Investigating blues poetry, an old tradition
By Tyehimba Jess
The blues haunts us, haints us, holds us tight to memory. Ancestor bound and rhythm rocked, it
recalls our hurts, healing them through a bent-note gospel of moan. Hard-hearted blues. Hardworkin' blues. Lost woman blues. Baby, come back blues. Blues birthed between the thighs of
hallelujah shouts and work-song rhythm, filled with cotton-field sweat and the salve of a
churchified moan. We created songs of redemption that conquered pain by claiming and naming
our hurt, whether it's good lovin' gone bad or bad luck gone worse.
The Blues/The Blues/The Blues Is Alright
There are those who would like to forget the blues, to sink them in Mississippi mud or leave them
hanging on Tennessee trees like a bad memory. They may associate blues with an attitude of
defeat, a funeral dirge, not a resurrection; a way out of no way. But it is nearly impossible to
bypass the blues, to skip that shotgun shack filled with chittlin', hamhock and cornbread culture, a
genius that turned the master's dinner table leavings into new beginnings.
Honoree Jeffers, author of The Gospel of Barbecue (Kent State University Press, November
2000) and Outlandish Blues (Wesleyan University Press, April 2003), equates exploration of the
blues with a willingness to fully uncover the beauty and horror of the past. "Many black folks are
scared to mine black history. That is the issue with the blues. Blues is a way to mine that history."
Her father, blues and classical pianist Lance Jeffers, was a poet of note. As a youngster, Jeffers
was embarrassed by her father's blues piano parties. But later its grip took hold of her: "The blues
choose you, you don't choose the blues. There is no way to write black history without writing
blues." A fuller exploration of the blues aesthetic can lead disbelievers into an understanding of
what it is to bend and not break, to bear up under pressure and keep on keepin' on.
Larry Neal wrote in his essay "The Ethos of the Blues" that "...the blues are basically defiant in
their attitude toward life. They are about survival on the meanest, most gut level of human
existence. The essential motive behind the best blues song is the acquisition of insight, wisdom."
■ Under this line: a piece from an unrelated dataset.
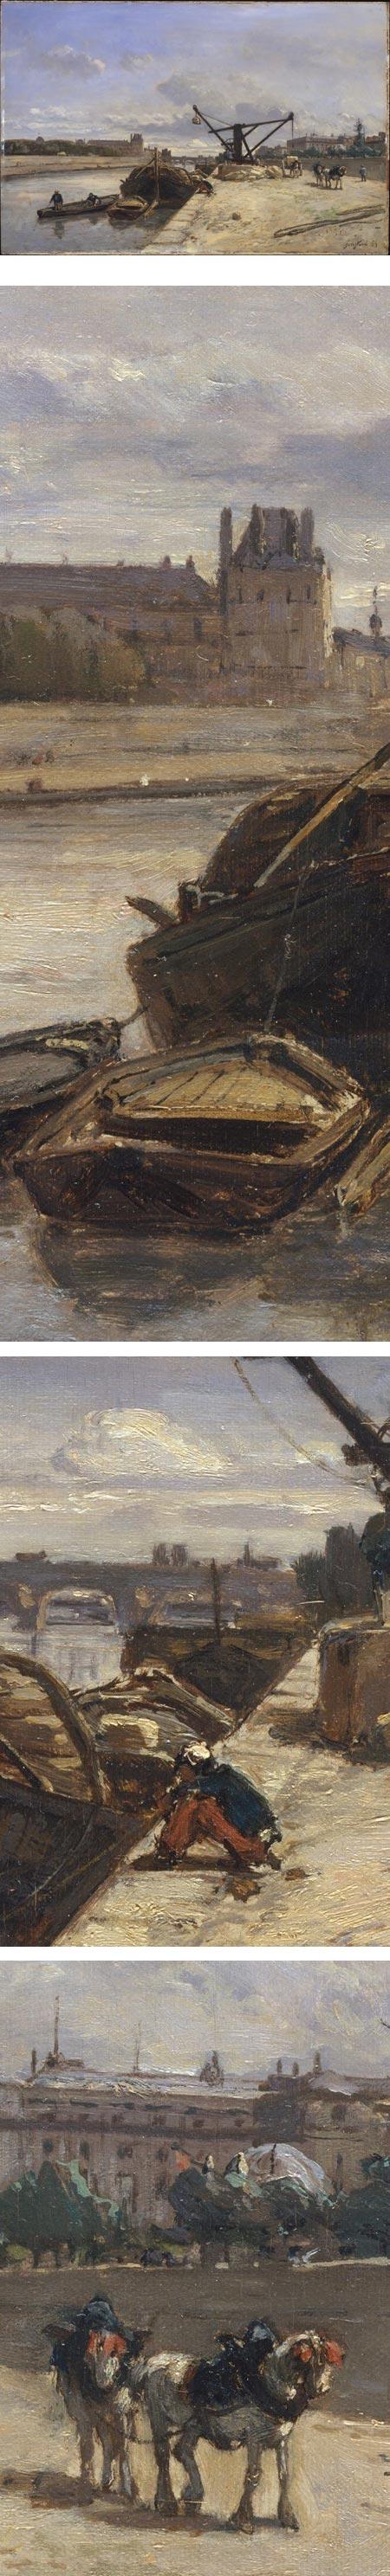 View from the Quai d'Orsay, Johan Barthold Jongkind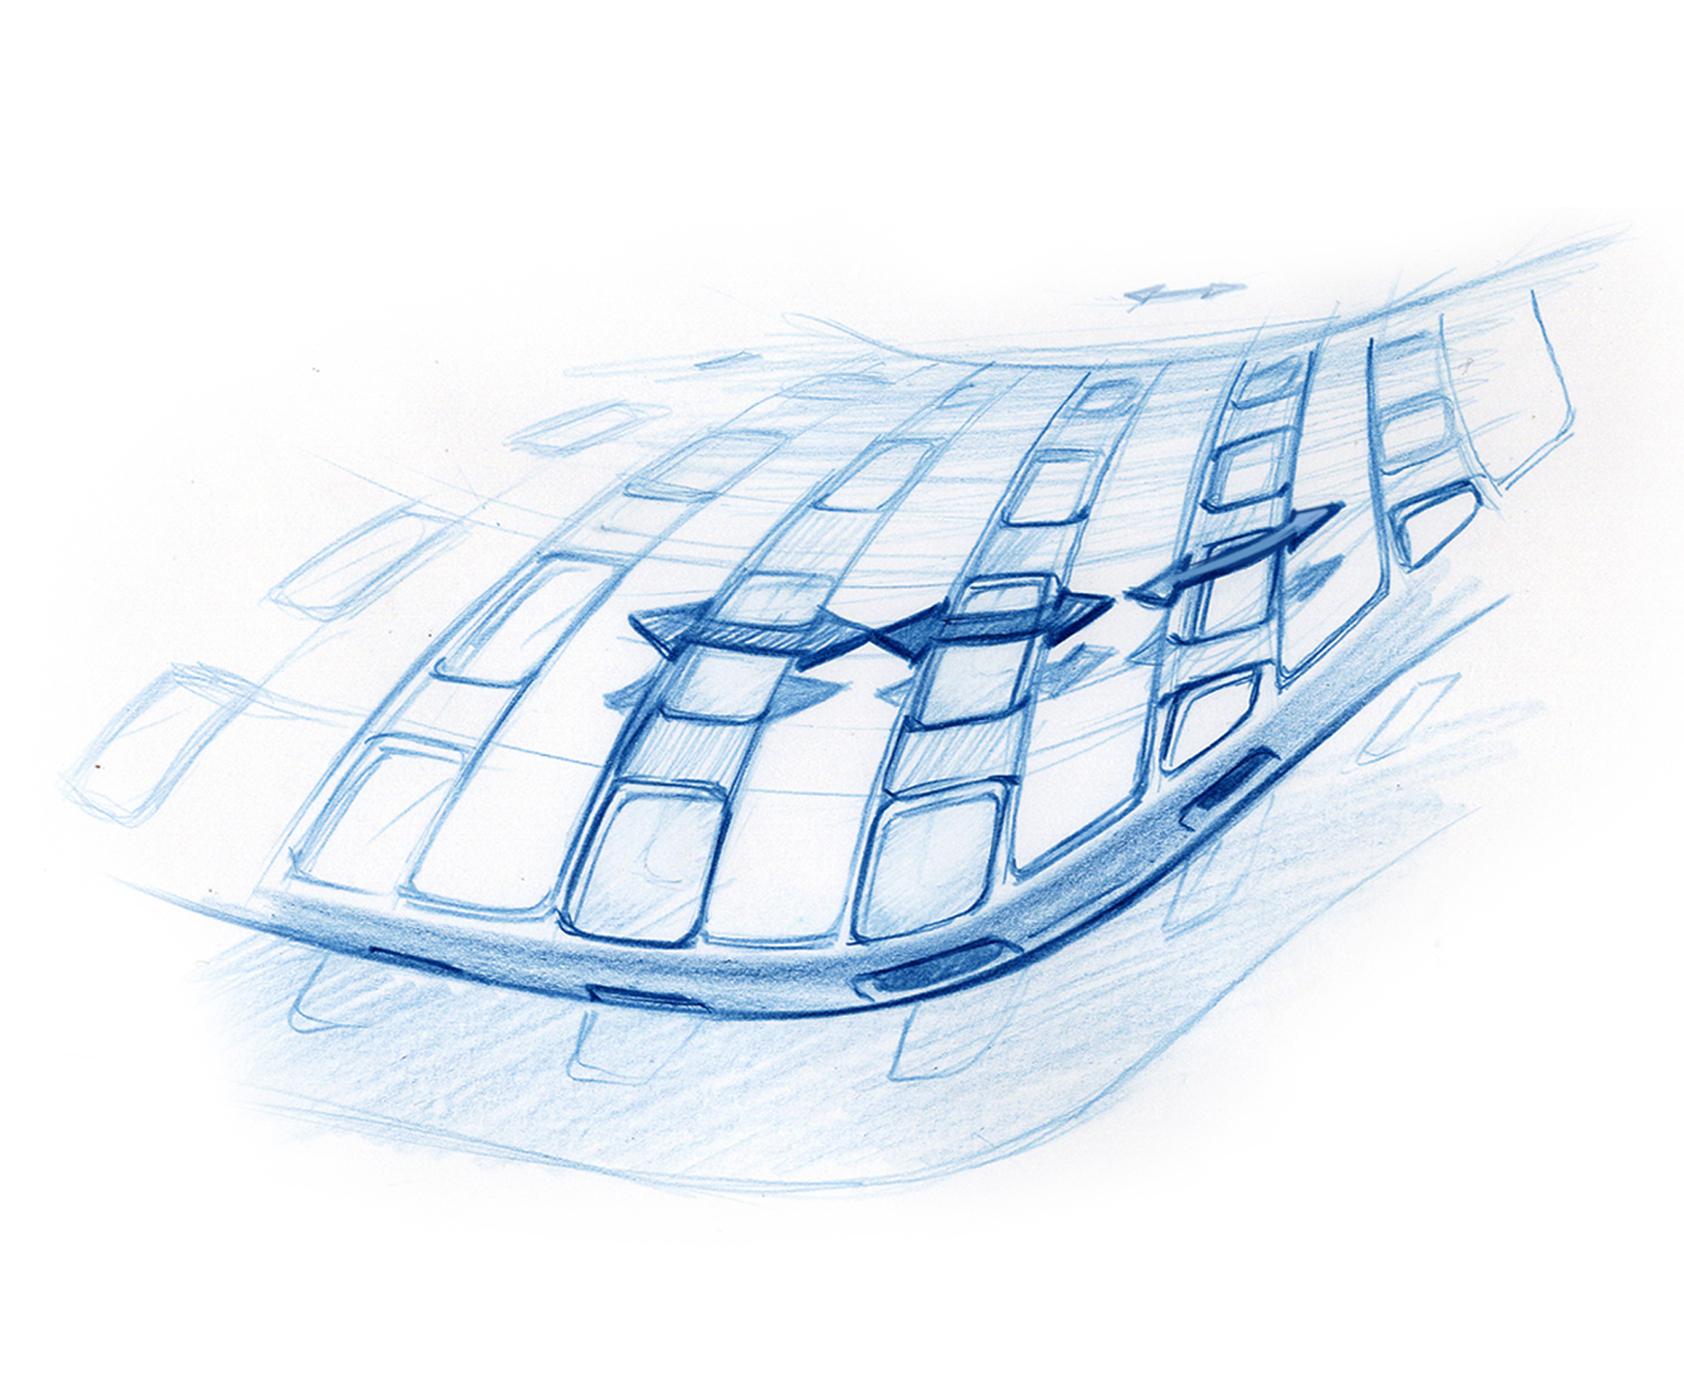 02H_DarioNarvaez_Portfolio_Ingo_Chair_Concept_Development_WEB-5.jpg

Neal also recalls that the role of the blues singer is not unlike that of the griot in traditional
African societies. The griot was willing to carry the history of his people, good and bad memories
together, and transform them into song. But carrying around the truth doesn't always make a body
welcome all the time. "The country blues singers were already stamped as men of sin," wrote
Neal. "Many Negro ministers warned their congregations against associating with blues singers.
A black man with a guitar ('devil box') was not allowed even to pass into the front yard of the
church unless he left his guitar outside." While he was welcome to share his traveling news at the
juke joint, he was obliged to keep such ramblings to himself around formal gatherings.
This is the same outsider/insider duality of the poet who has to carry bad news, along with the
good. The reception isn't always pretty. Such was the job of Harlem Renaissance poets who sang
their blues to America's hegemony and Black Arts Movement writers in the '60s who challenged
class values and the status quo. Such was the task of black women writers of the '70s and '80s
who were willing to break silence on sexism, and such has been the task of gay and lesbian poets
who have named the truth of black homophobia. Such is the job of the griot, to "tell the truth to
the people" as Mari Evans wrote. To carry forth his/her collective message: I have suffered. I will
survive.
Blackening and Bluing the King's English
In Blues People: Negro Music in White America (1964; William Morrow paperback, 1999)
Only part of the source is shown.